Retype the data below verbatim; pictures do not belong in the copy.

=== GIVEN MATERIAL ===
· · · · ·

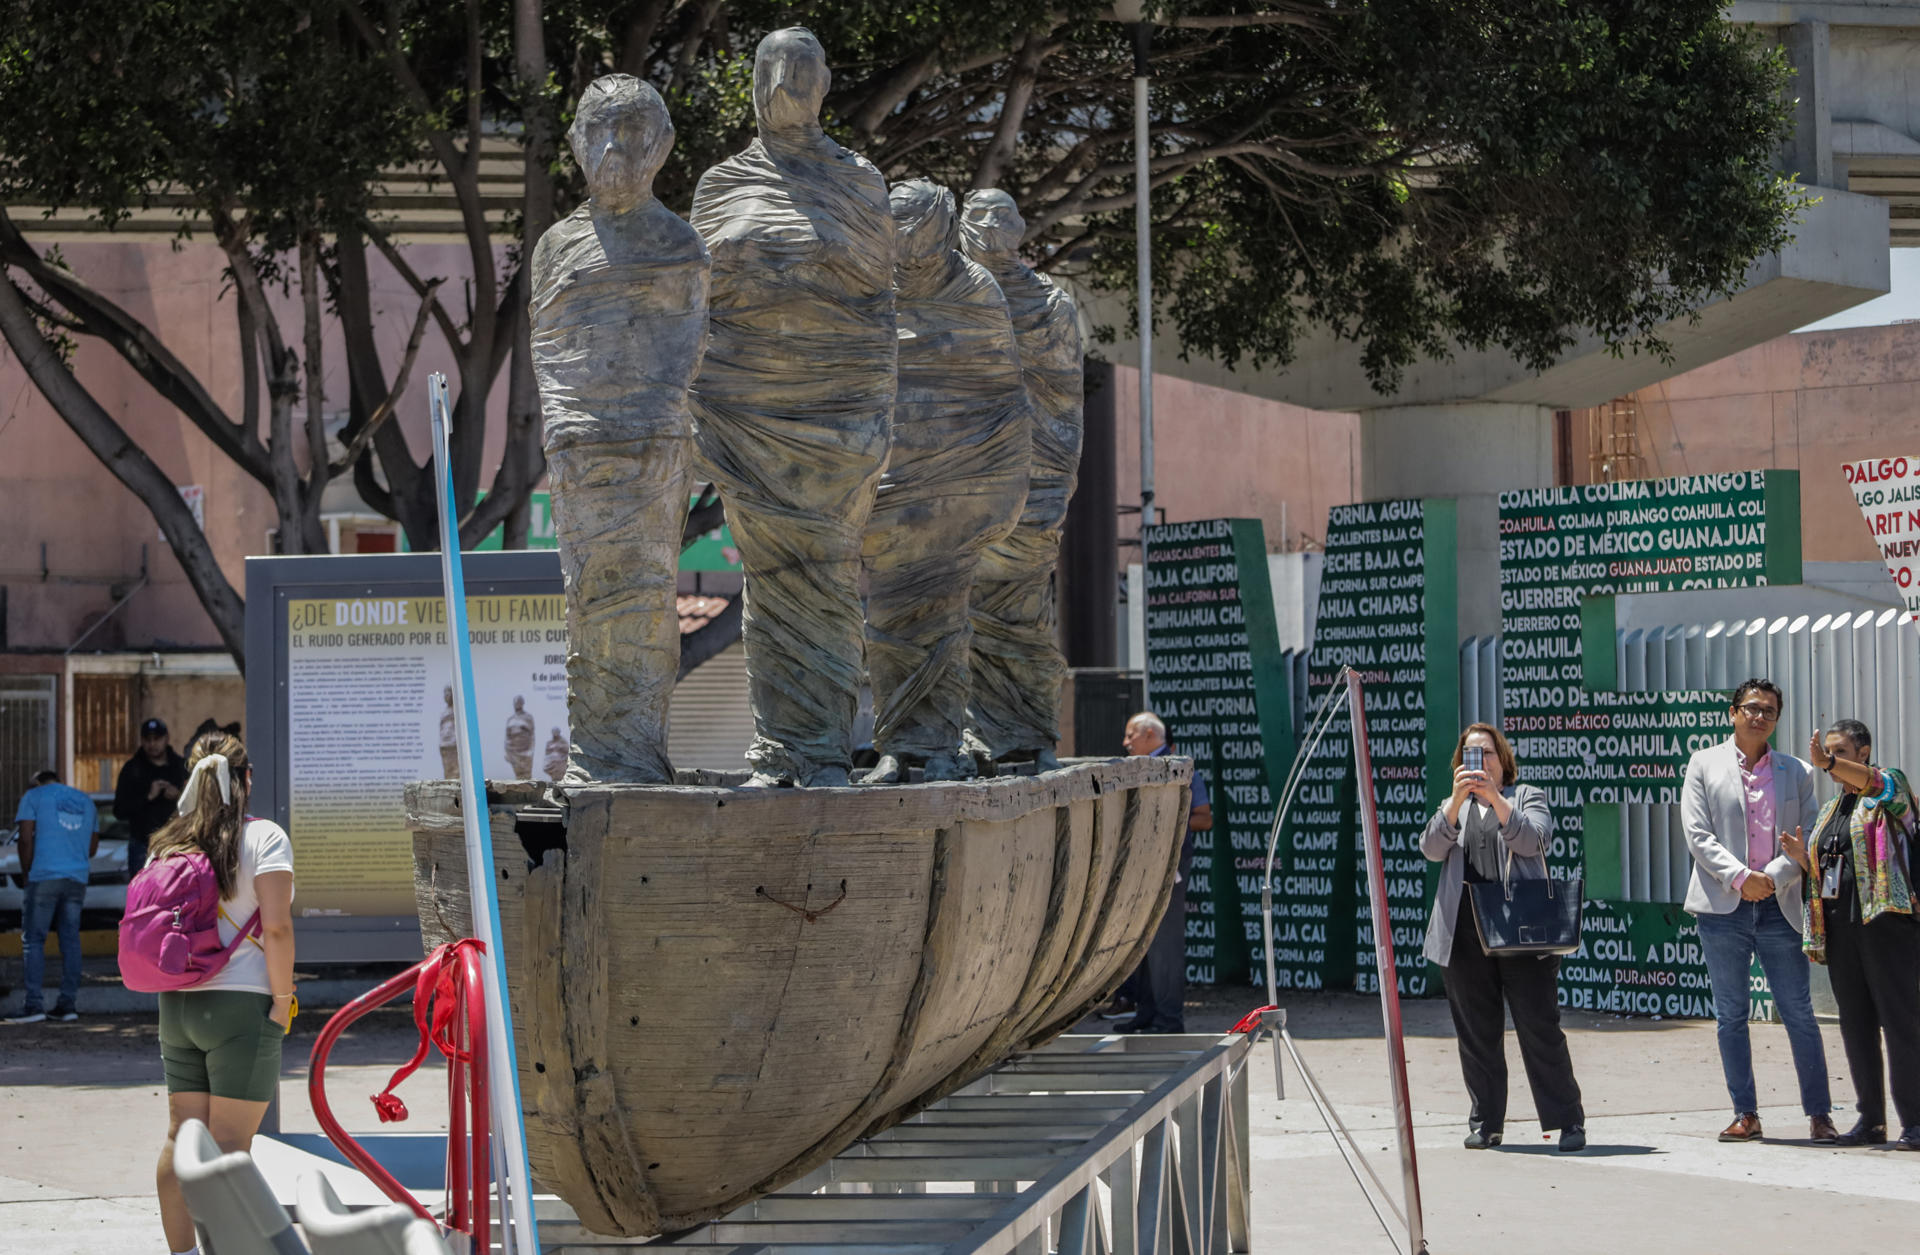 La escultura de cuatro migrantes en una balsa reivindica derechos en la frontera de México
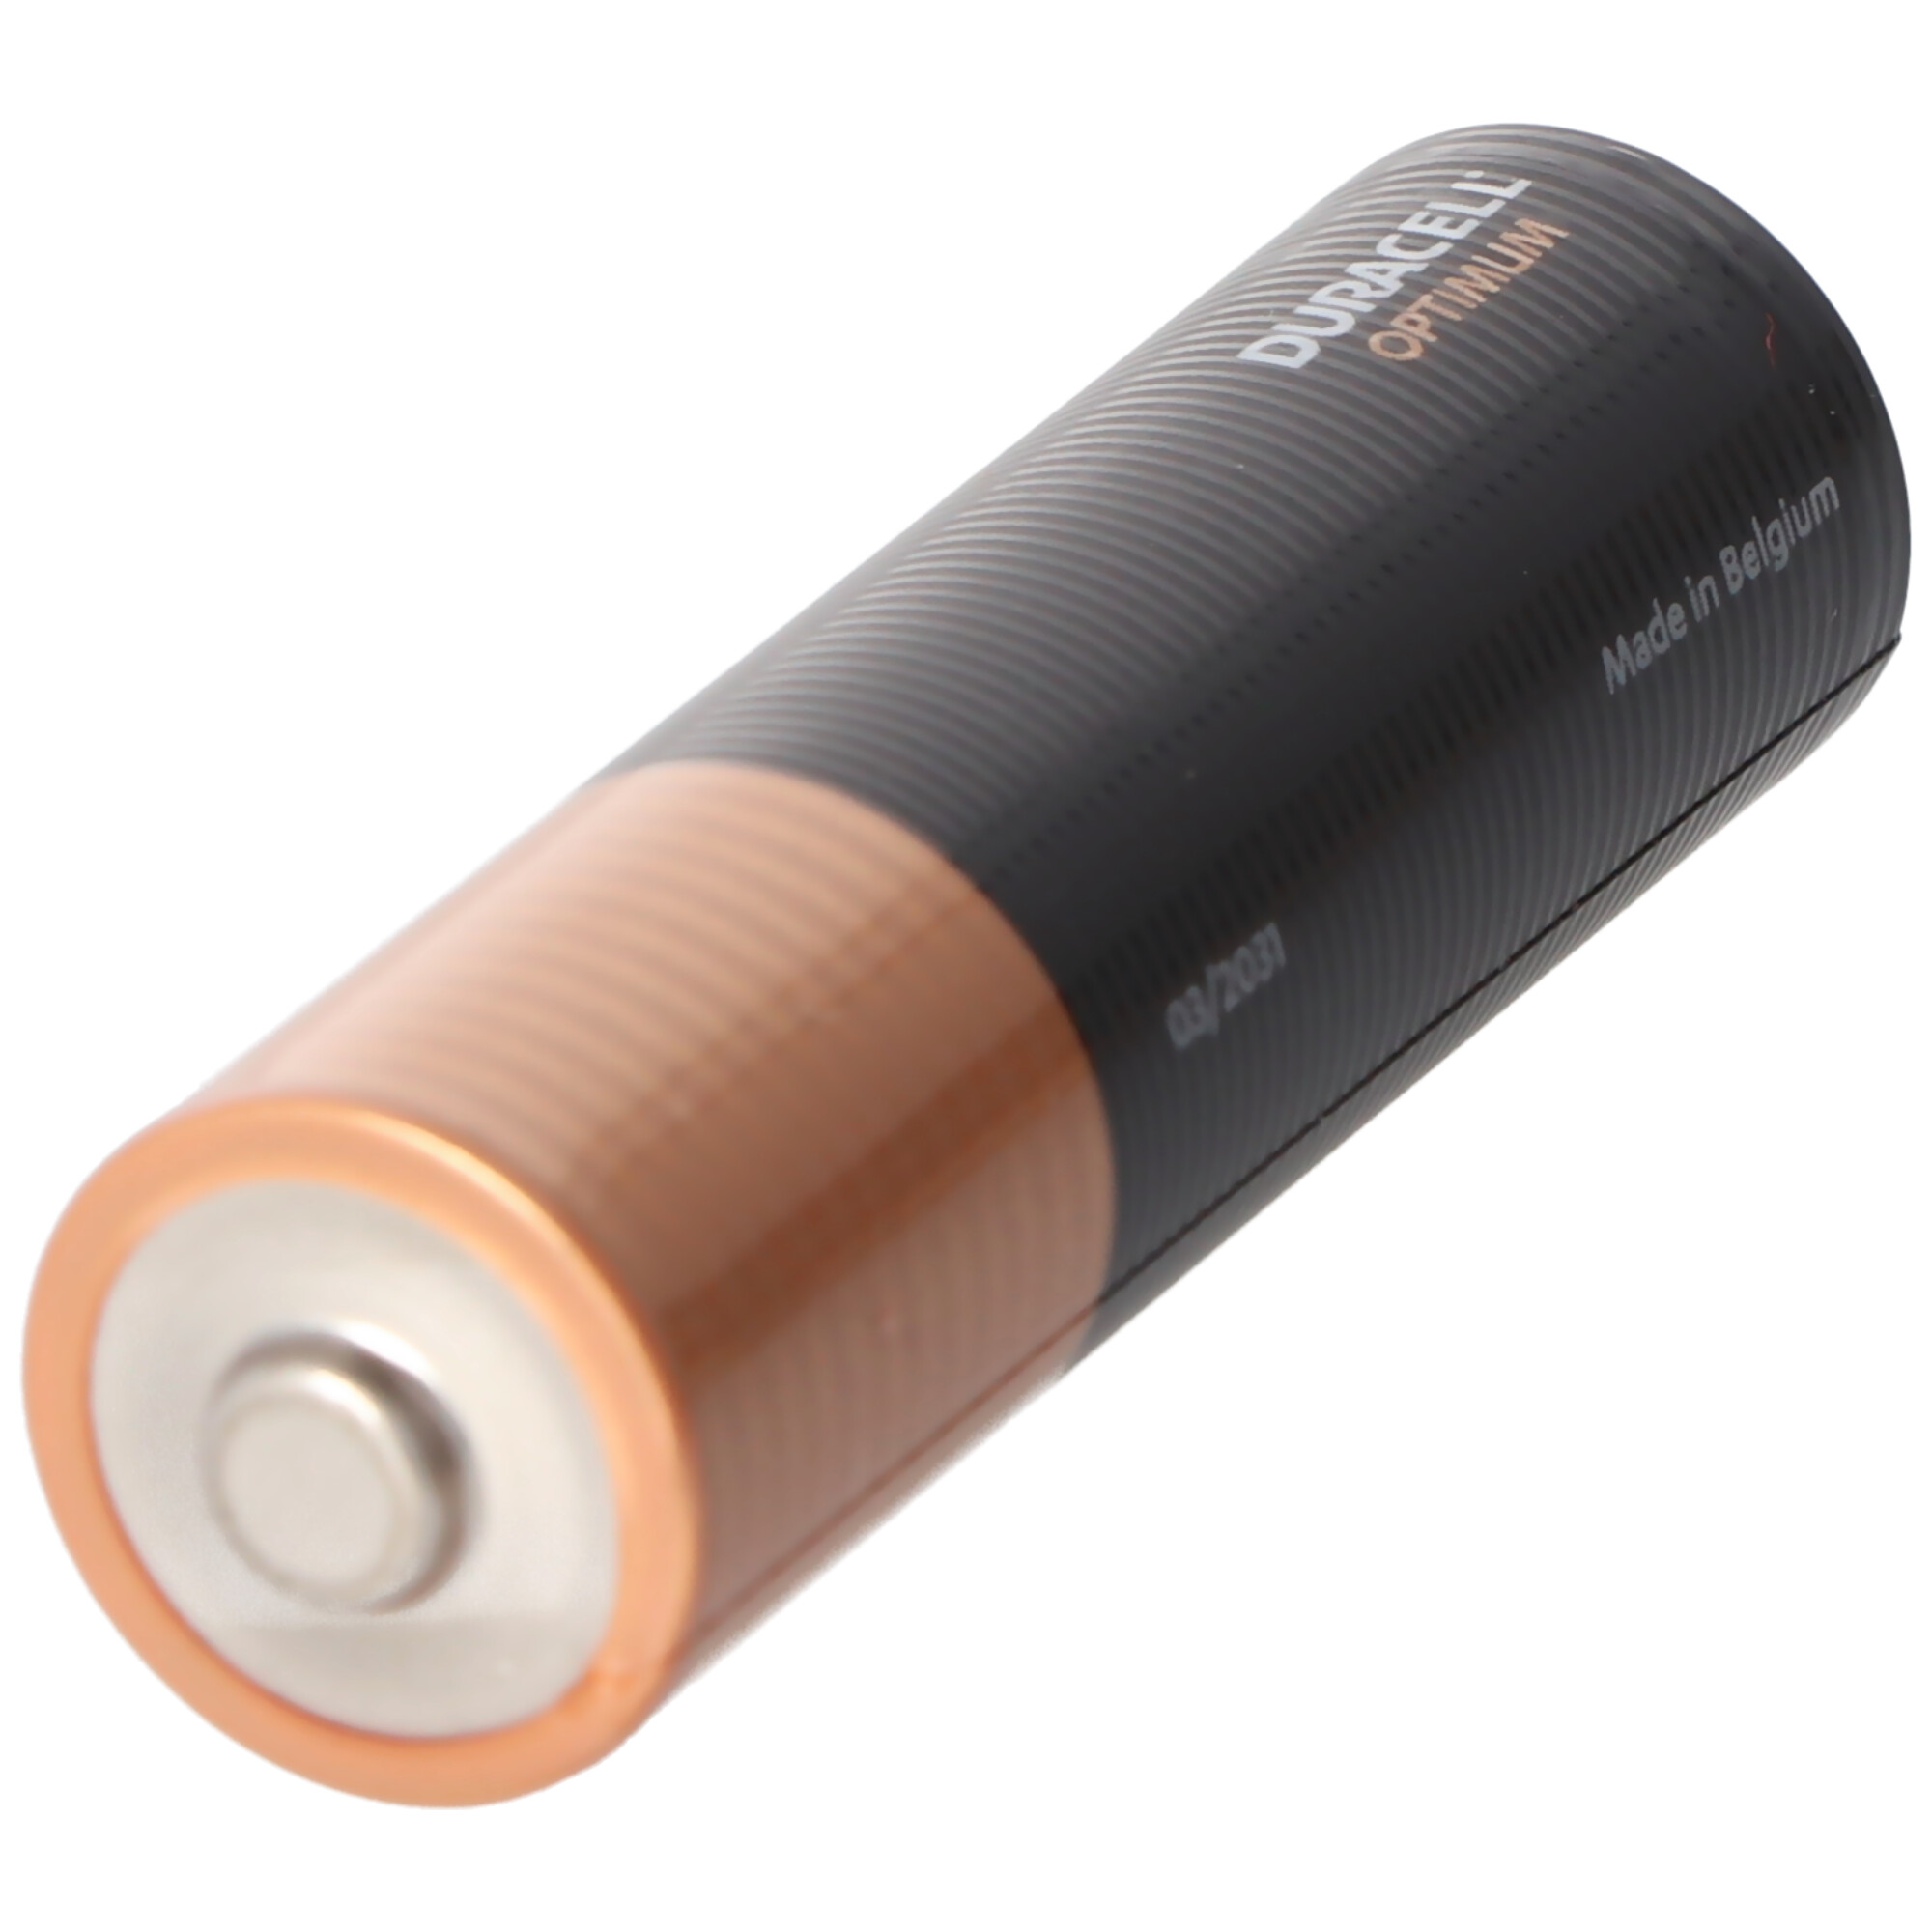 Duracell Optimum AA Mignon Alkaline-Batterien, 1.5V LR6 MX1500, 8er-Pack LR06 5000394137684
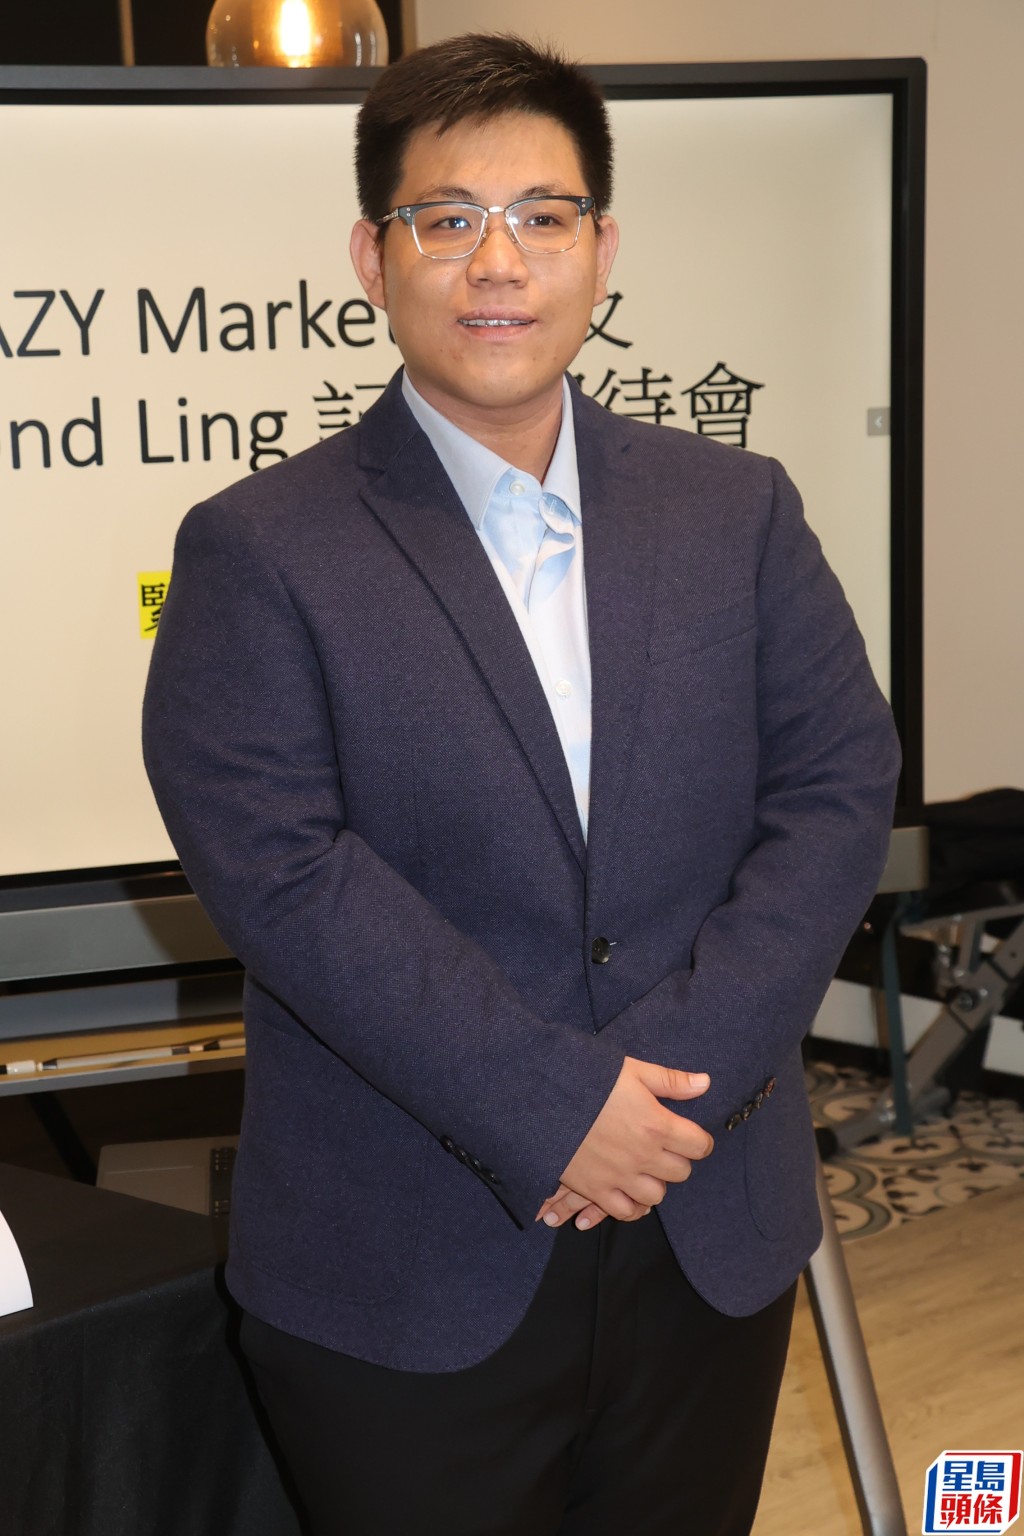 凌志灝有份的市場推廣公司Lazy Marketing，近日被指挪用另一間廣告主理的MIRROR拍攝的資生堂廣告作其公司作品。

· · · · ·

=== EXERCISE RESPONSE ===
 La escultura de cuatro migrantes en una balsa reivindica derechos en la frontera de México
 Duracell Optimum AA Mignon Alkaline-Batterien, 1.5V LR6 MX1500, 8er-Pack LR06 5000394137684
 凌志灝有份的市場推廣公司Lazy Marketing，近日被指挪用另一間廣告主理的MIRROR拍攝的資生堂廣告作其公司作品。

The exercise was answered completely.